Exploring Mumbai’s Cinematic History

January 17, 2021

As the country’s financial capital and major center of cultural production, Mumbai (erstwhile Bombay) sits at the confluence of economic activity, cinematic enterprise and ideas of modernity.  On December 3rd 2020, Columbia Global Centers | Mumbai organized a lecture and panel discussion featuring Debashree Mukherjee, Assistant Professor of Film and Media at Columbia University, marking the launch of her new book, Bombay Hustle: Making Movies in a Colonial City (Columbia University Press and Penguin Random House 2020).  Offering a panoramic portrait of the consolidation of the Bombay film industry during the talkie transition of the 1930s, and set in the backdrop of momentous changes such as the anti-colonial movement, city worker strikes, and the rise of an entrepreneurial trading class, Professor Mukherjee illustrated the manner in which the Bombay film industry historically energized a range of practices and practitioners, playing a crucial and compelling role in the life and imagination of modern India.  The program was part of the ‘The Columbia Global Book Series’, a partnership between the Global Centers and Columbia University Press, with Penguin Random House, the book’s publisher in India, as an outreach partner. 

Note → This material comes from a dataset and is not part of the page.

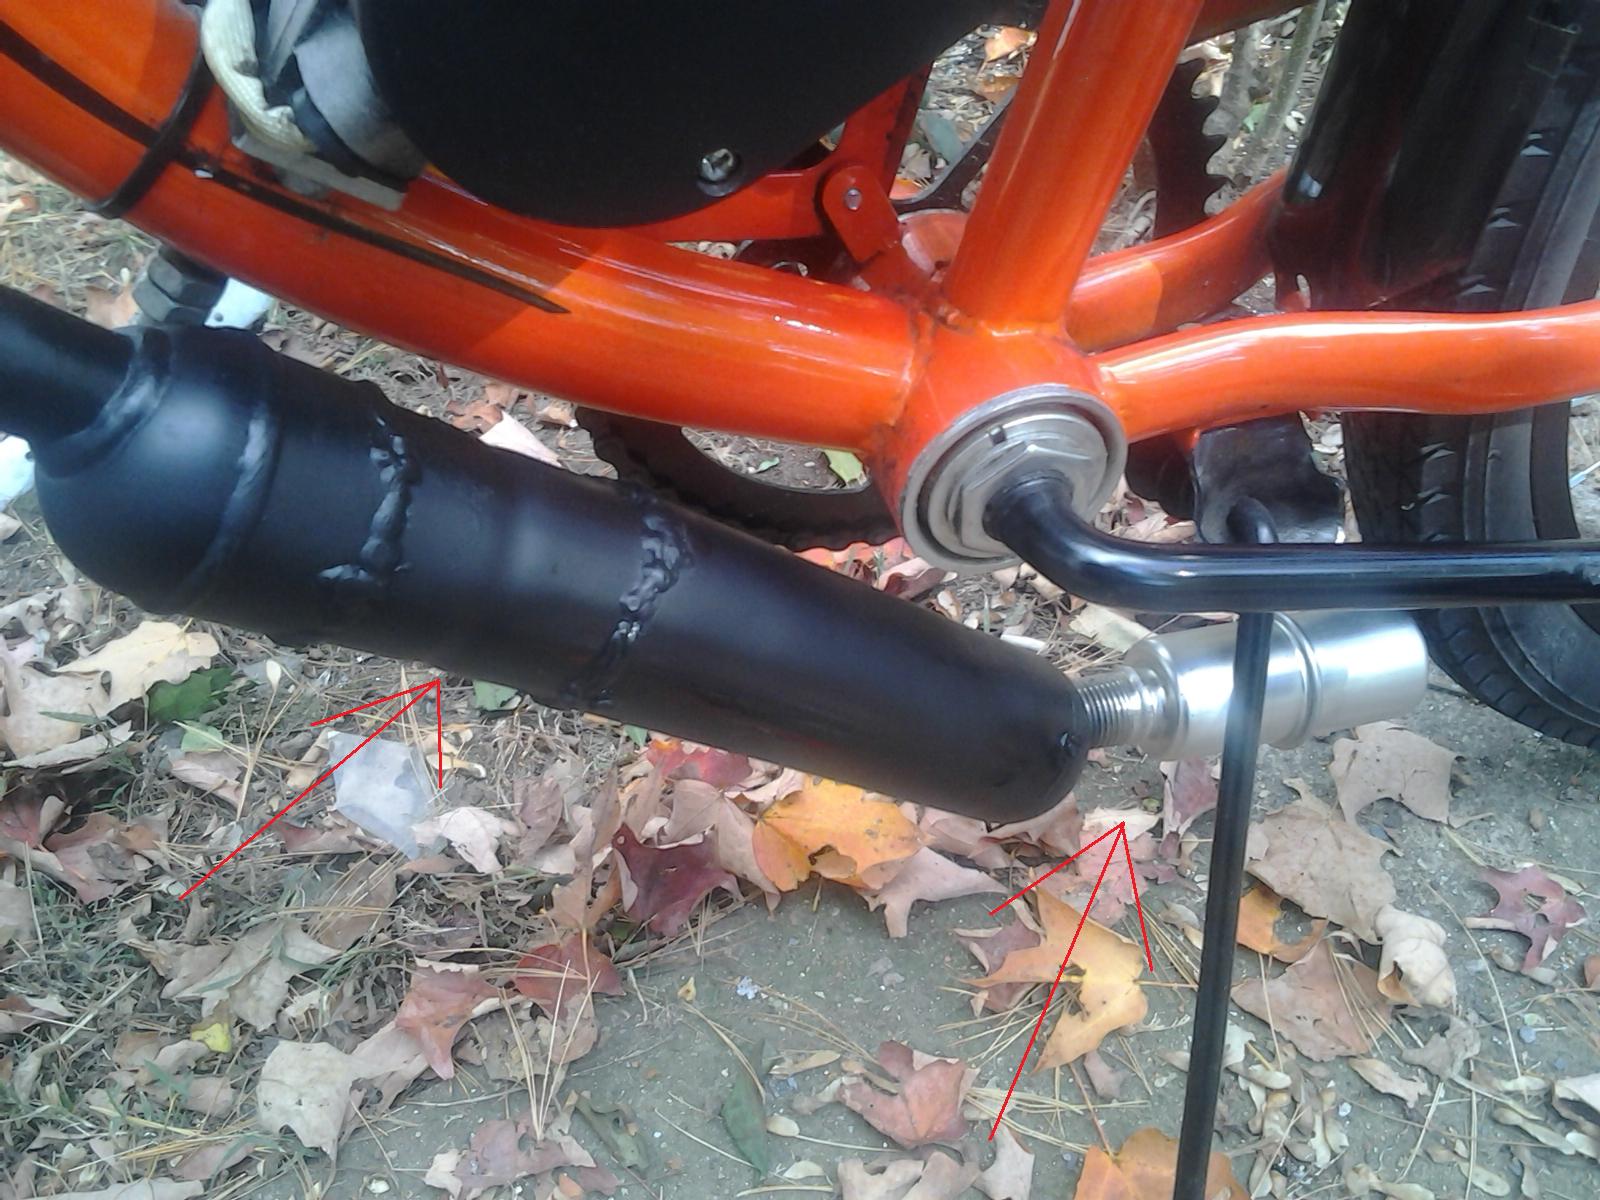 motorized bicycle upgrades
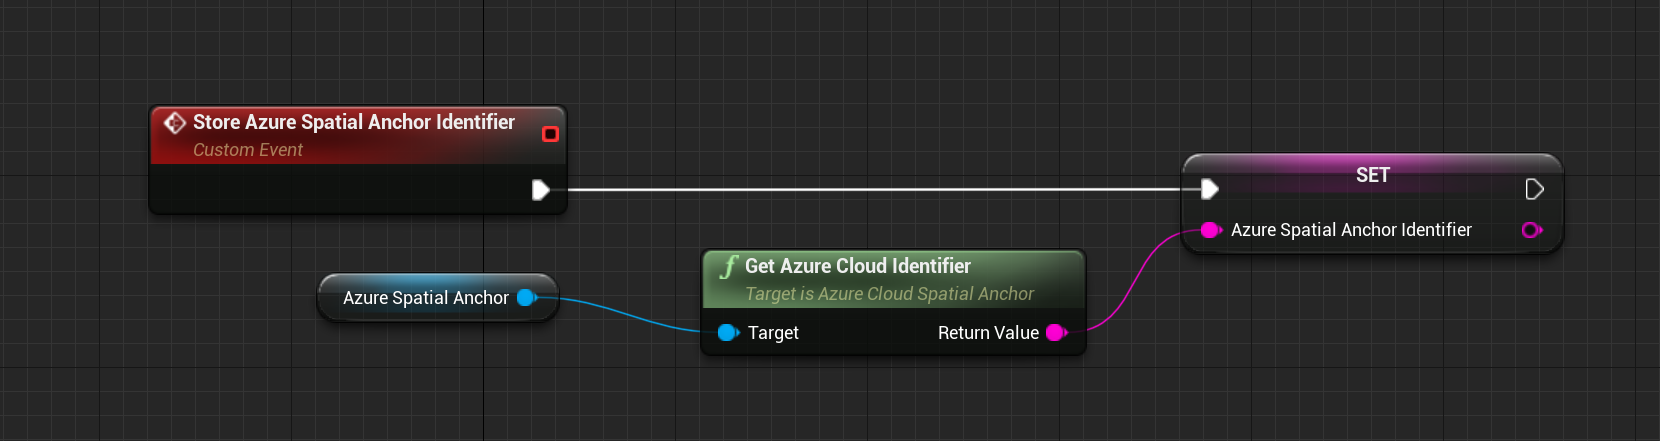 Plano técnico del evento personalizado de almacenamiento del identificador de Azure Spatial Anchors con la función de obtención del identificador de la nube de Azure

Drawing on her original archival research and innovative transdisciplinary approach, Professor Mukherjee shared how cinema extends into every area of urban life and the screen is only one part of an ecology of people and networks that mutually constitute a cine-ecology.  Using this term as a conceptual touchstone and methodological lens for examination, she probed the industry’s myriad set of people situated in different roles and functions, institutions, technologies, and environments that collectively shaped the production and circulation of cinematic meaning in the historic period of 1930s Bombay. The lens of cine-ecology also offers a dynamic and inclusive framework that not only addresses the complexities of filmmaking but also extends to cinema’s relations to the larger urban cityscape of Bombay and its other industries including cotton trade, communications and media such as radio and gramophone, and literature. 

Professor Mukherjee considered questions of film, finance, technology and urban history in the book to paint a picture of the Bombay film industry as an entity with its own life force and rhythms that was in a constant state of becoming.  She used the term ‘hustle’ to bring to fore the myriad transactions and negotiations enmeshed in the sphere of the Bombay film industry- from speculations in raising finances and raising organizational and professional respectability, to the daily struggles of cine-workers, including actors, stunt persons, extras and others, that were complicated by their class, caste and gender vulnerabilities.  

The next segment of the program saw comments on the book from leading film scholars- Tejaswini Ganti, Associate Professor of Anthropology at New York University, and Ranjani Mazumdar, Professor of Cinema Studies at the School of Arts and Aesthetics at Jawaharlal Nehru University. The question and answer session that followed was moderated by Dr. Ravina Aggarwal, Director of Columbia Global Centers | Mumbai, and generated lively participation from the audience. The discussion centered around the role of fans, workers in 1930s Bombay and the relations of the film industry with other forms of labor and industry, the influence of the national political climate, and technological elements in cinema’s progress over the decades.  Panelists also reflected on the similarities and differences between the Bombay film industry of the 1930s and present times. 

The program was also part of the Center’s continued focus on urban knowledge systems, and provided a platform for understanding practices of urban inclusion and history while examining film as a methodological tool in the study of history as part of the Center’s Historical Methodology initiative.  From the post-program feedback collected from participants, a majority indicated that the program had helped advance their knowledge of the Indian film industry and practices, the history of Mumbai and urban inclusion, and historical research methods, and would help them in their own research in their role as academics, researchers, educators, cultural professionals and students.